The shortest shortboard: Se (use the sensory function to the outside world: like aerial photography and surveillance, observe the objective events happening in the outside world as comprehensively and carefully as possible)

Core threat: Objective information is not comprehensive enough, there is no force point, intuition is limited, it is easy to make wrong decisions, and thinking activities are inefficient.

INTJ Relationships
(3) F-emotion (judgment function: decision-making method) short-board training

Evaluation: In a stressful state, INTJ tends to look serious, sharp, strong, and ruthless. The F-type personality is gentle and friendly.

Core threats:

    1. Restrict the planning level;

    2. Planning in order to deal with more other people’s logic, to what extent can they take into account other people’s logic (human factors)

    3. The implementation of the program is hindered;

    4. Too academic (difficult to understand);

    5. Cold, serious, oppressive (will bring uncomfortable negative emotions to the other party);

    6. Pay more attention to people (ignore people’s spiritual needs);

    7. Perfectionism (requiring others with high self-standards);

    8. Too harsh (cold and unrelenting);

INTJ Relationships
(4) P-perception (the way of doing things)

P refers to using perceptual attitude (S/N) to look up information and listen to suggestions.

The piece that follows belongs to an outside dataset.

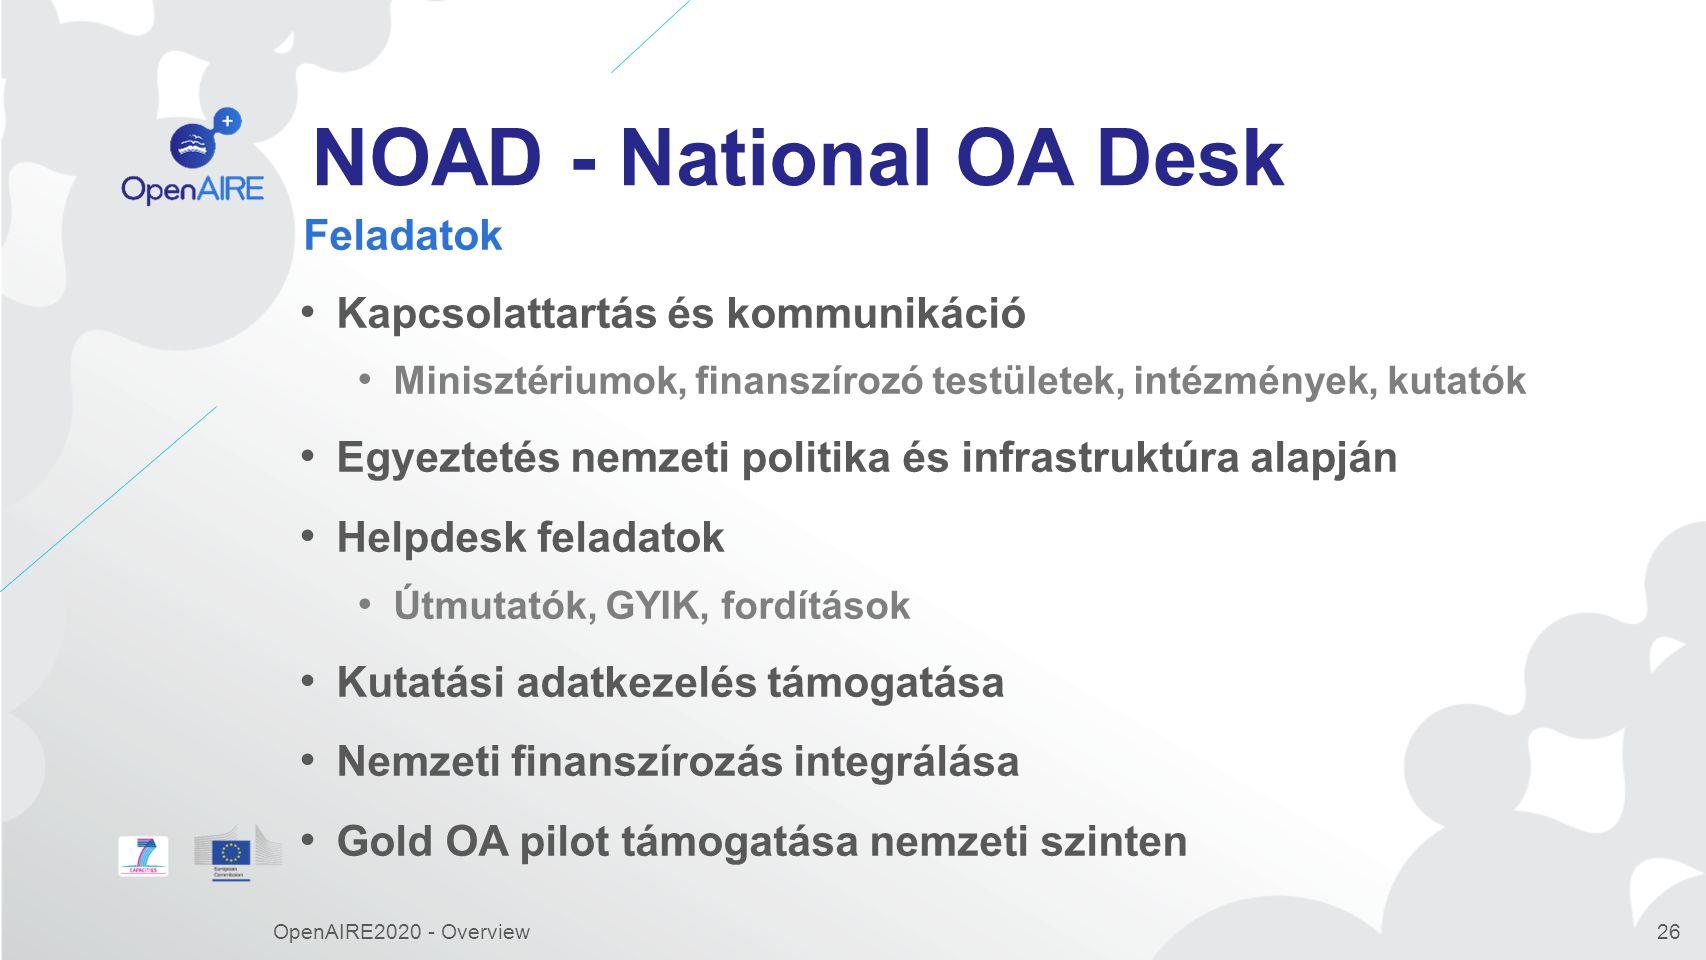 NOAD - National OA Desk Kapcsolattartás és kommunikáció Minisztériumok, finanszírozó testületek, intézmények, kutatók Egyeztetés nemzeti politika és infrastruktúra alapján Helpdesk feladatok Útmutatók, GYIK, fordítások Kutatási adatkezelés támogatása Nemzeti finanszírozás integrálása Gold OA pilot támogatása nemzeti szinten Feladatok OpenAIRE2020 - Overview26

It should be noted that in the case of people, they often like to be treated in a way that is perceived (S/N).

INTJ Relationships
04.
Focus

1. Focus: The most precious thing is the long-term understanding of a certain direction.

2. Perfect personality: the four functions of introversion and extroversion can be fully mobilized at will; the meaning/achievement of life, no matter where it ends, the core approach must go through the path of “developing a more adequate personality.”

3. Sequence: Make use of strengths to make up for weaknesses, fully develop their talents, and on this basis, actively develop their shortcomings.

4. Lifetime project: “Make yourself more extroverted”, this is one of the ways to develop a more adequate personality.

5. Socialization: learn to borrow resources from the secular culture of the market and the ruffian.

6. Abandoned mentality: disdain to engage in interpersonal relationships, feel that they are unable to engage in interpersonal relationships, and feel that doing interpersonal relationships is a waste of time.

7. Overall: Wisdom can only grow in the framework, and local contradictions can breed dullness.

INTJ Relationships
05.
“Who am I?”

Want to understand what your ultimate pursuit is, and find a general framework for your continuous growth. It is something that every INTJ needs to pursue and explore.